Therefore, a new serological test examines antibacterial anti-citrullinated ACPAs antibodies. This test is positive again in 61-75% of all RA cases, but with a specificity of about 95%. Like RF, ACPA is repeatedly present before symptoms begin.
The most common clinical test for ACPA is the anti-cyclic citrullinated peptide (anti CCP) ELISA. In 2008, a point-of-care serological test for early detection of RA combined RF and anti-MCV detection with 72% sensitivity and 99.7% specificity.
Other blood tests are usually done to differentiate from other causes of arthritis, such as blood sedimentation rate (ESR), C-reactive protein, complete blood count, renal function, liver enzymes and other immunological tests (eg, antinuclear antibodies/ANA) done at this stage. High levels of ferritin may reveal hemochromatosis, mimic RA, or be a sign of Still disease, a seronegative rheumatoid arthritis variant, usually juvenile.
Classification Criteria
In 2010, the Rheumatoid Acid Criteria of ACUL/EULAR 2010 Rheumatoid was introduced.
The new criterion is not a diagnostic criterion but a classification criterion for identifying diseases with high chances of developing a chronic form. However a score of 6 or more expressly classifies a person with a diagnosis of rheumatoid arthritis.

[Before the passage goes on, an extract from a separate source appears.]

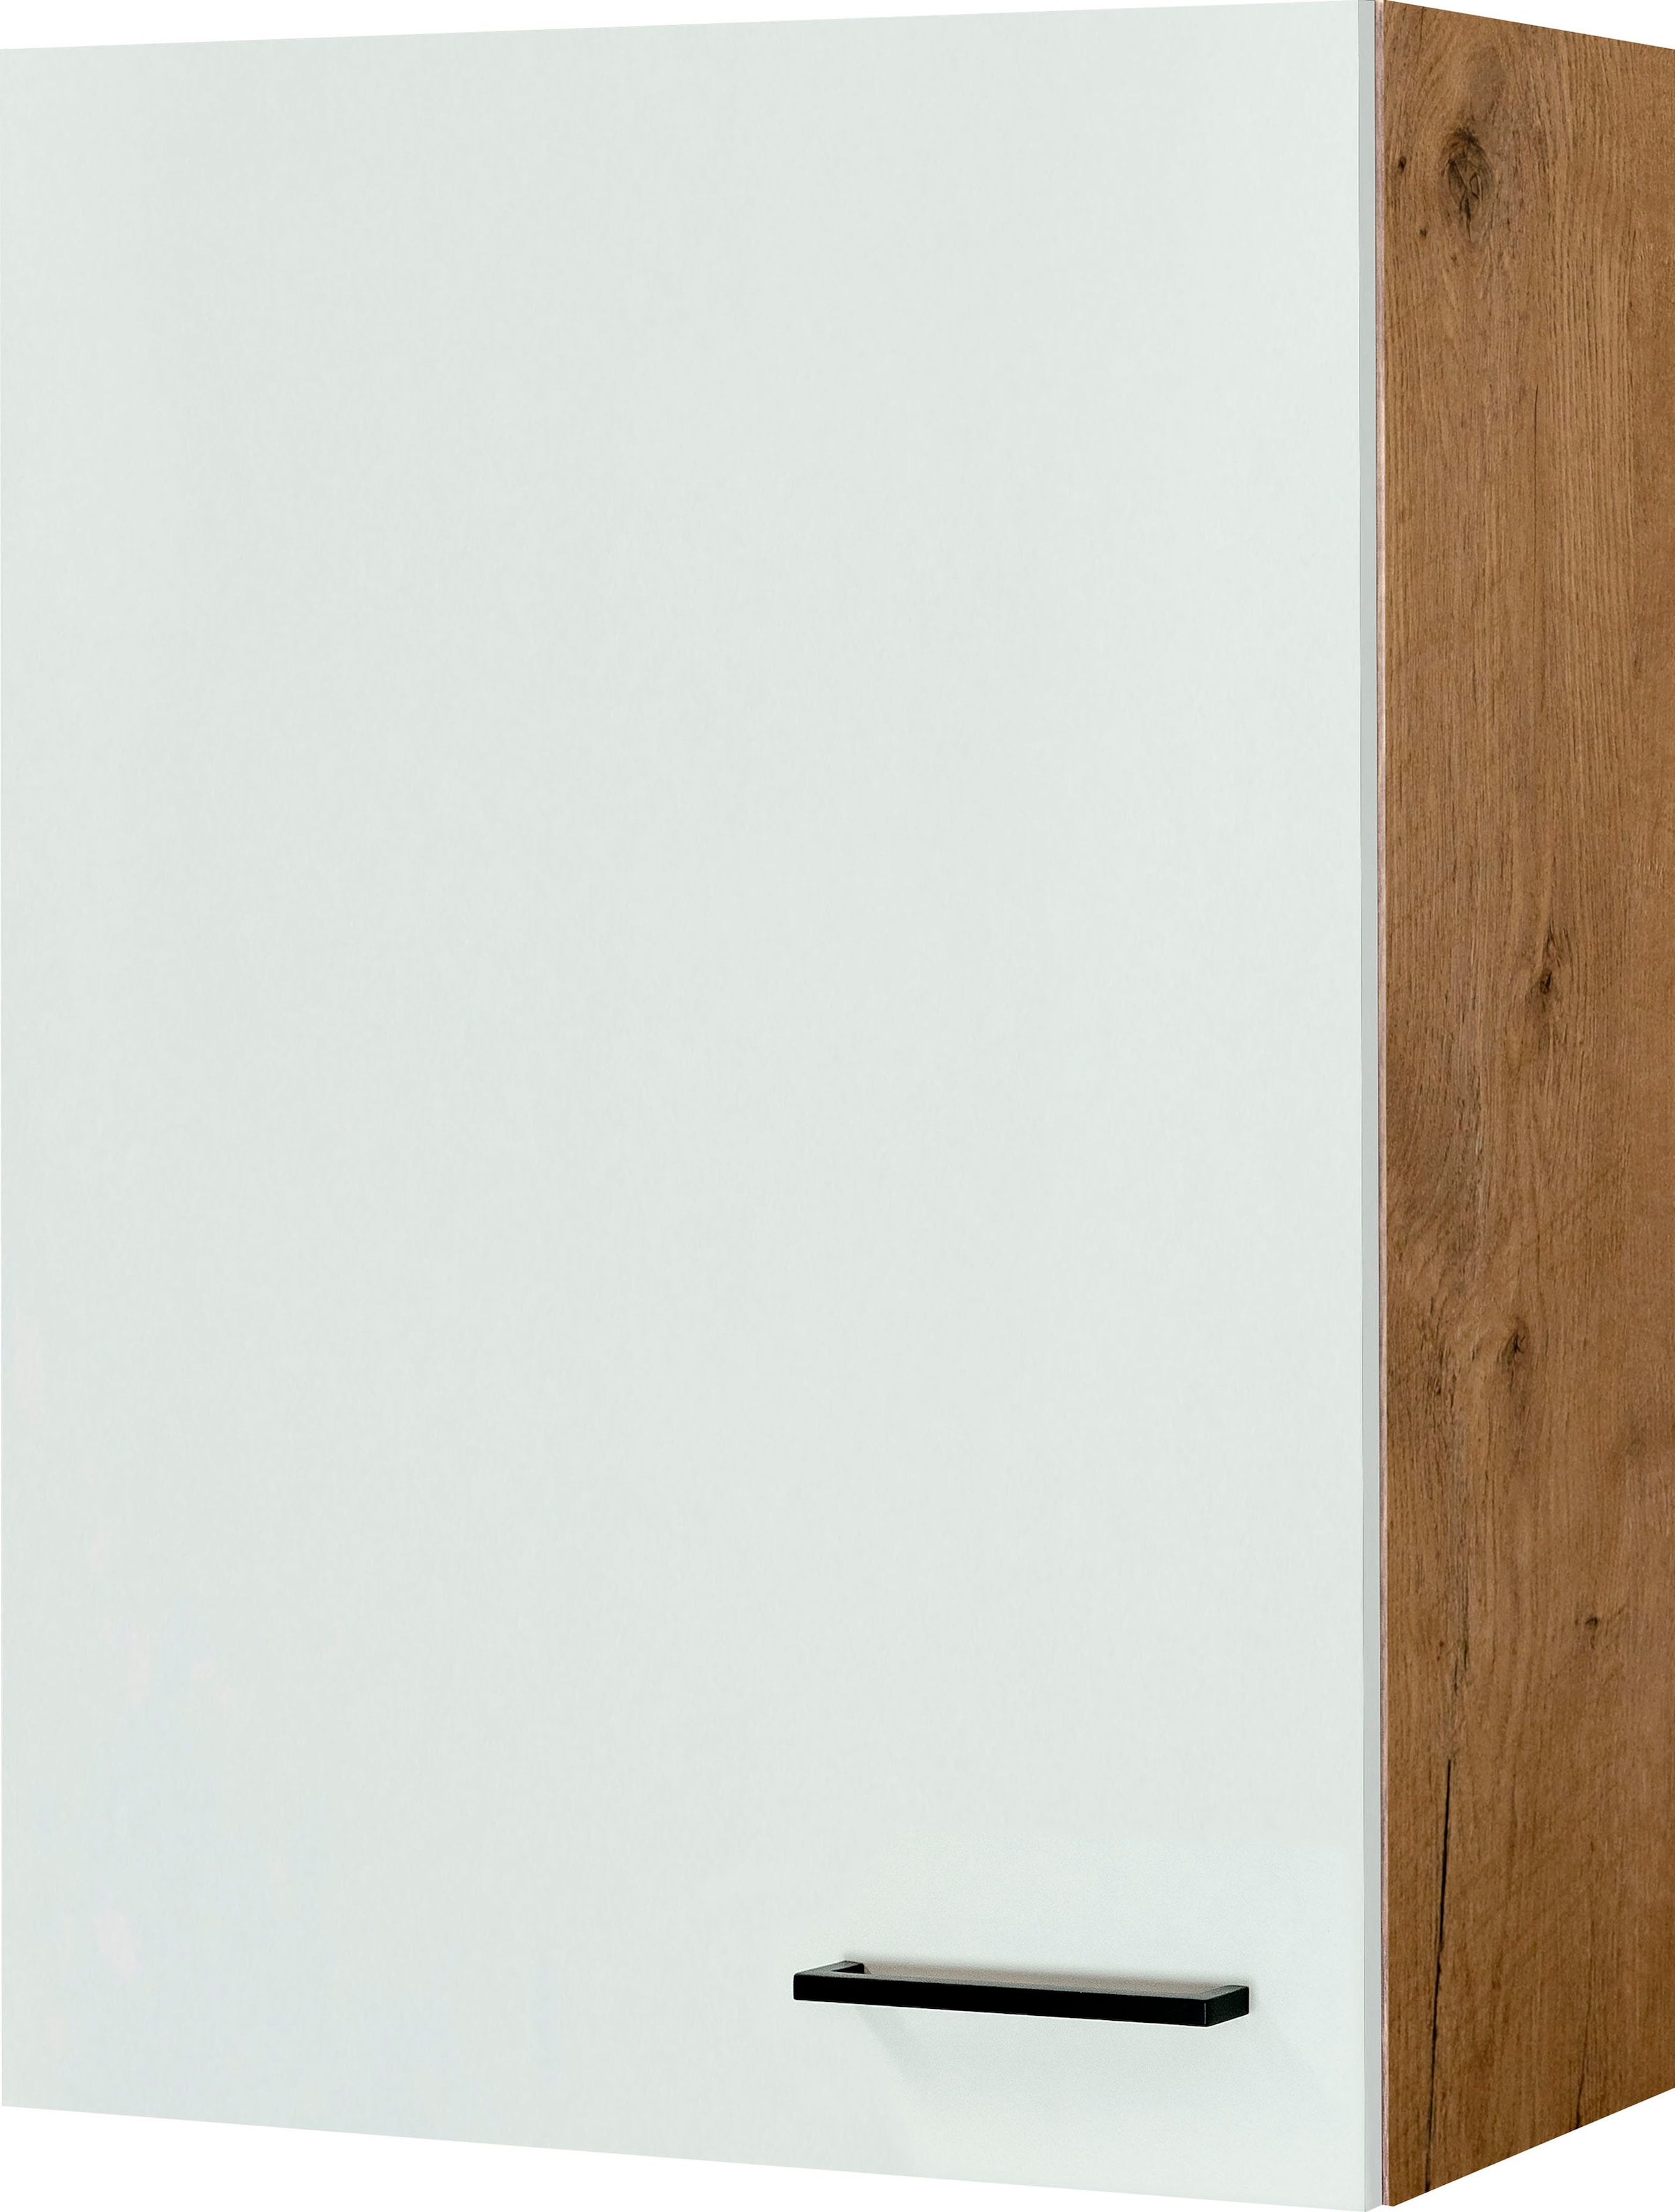 Flex-Well Hängeschrank »Vintea«, (B x H x T) 60 x 89 x 32 cm, für viel  Stauraum kaufen | BAUR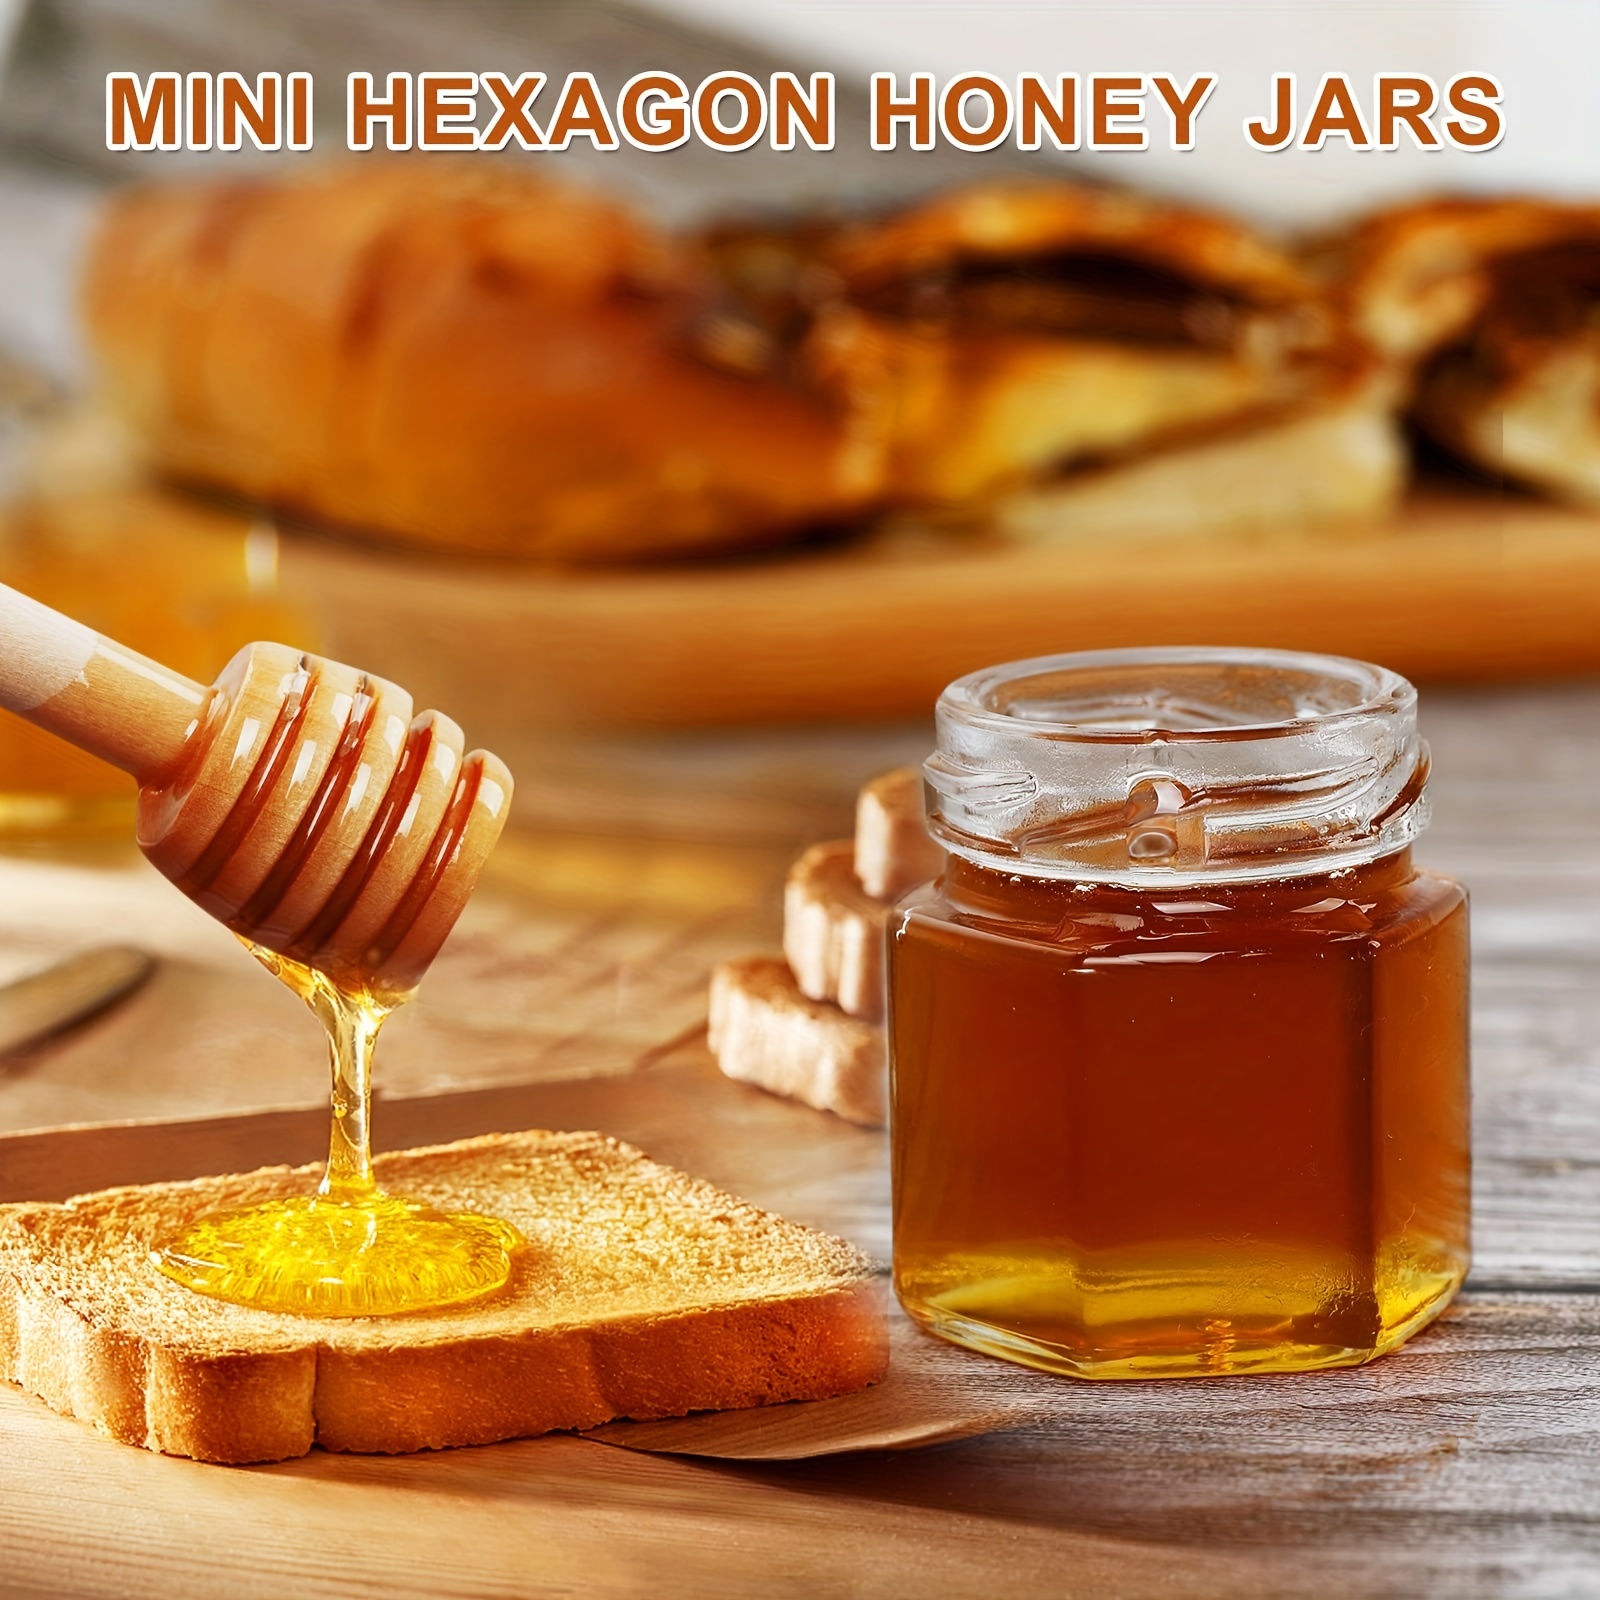 The Honey Jar Bee-luxe Evento, despedida de soltera o recuerdos de boda,  tarro hexagonal de 2 onzas de miel cruda pura con cuchara de miel de madera  y

This new classification criterion rejected the "old" ACR criterion of 1987 and adjusted for initial RA diagnosis. The "new" classification criteria, published jointly by the American College of Rheumatology (ACR) and the European League Against Rheumatism (EULAR) set a point value between 0 and 10. The four areas covered in the diagnosis:
- joint involvement, pointing metacarpophalangeal joints, proximal interphalangeal joints, interphalangeal joints of the thumb, second to fifth metatarsophalangeal joints and wrists as small joints, and shoulders, elbows, hip joints, knees , and ankle as big joint :
- Large 1-joint involvement gives 0 points
- Large 2-10 joint involvement gives 1 point
- The involvement of 1-3 small joints (with or without large joint involvement) gives 2 points
- The involvement of 4-10 small joints (with or without large joint involvement) gives 3 points
- Involvement of more than 10 joints (with involvement of at least 1 small joint) gives 5 points
- serological parameters - including rheumatoid factor and ACPA - "ACPA" stands for "anti-citrullinated protein antibody":
- Negative RF and ACPA negatively gives 0 points
- Low-positive RF or low-ACPA gives 2 points
- High-positive RFI or high ACPA gives 3 points
- acute phase reactants: 1 point for increased blood sedimentation rate, ESR, or increased CRP value (c-reactive protein) Duration of
- arthritis: 1 point for symptoms lasting six weeks or longer
The new criteria accommodate the growing understanding of RA and improvement in diagnosing RA and treatment of disease. In serologies the "new" criteria and autoimmune diagnostics carry the major weight, because ACPA detection is appropriate to diagnose the disease at baseline, before joint damage occurs. The joint destruction seen in radiological images is an important point of the ACR criterion from 1987. This criterion is no longer considered relevant, as this is just the kind of damage that should be avoided by care.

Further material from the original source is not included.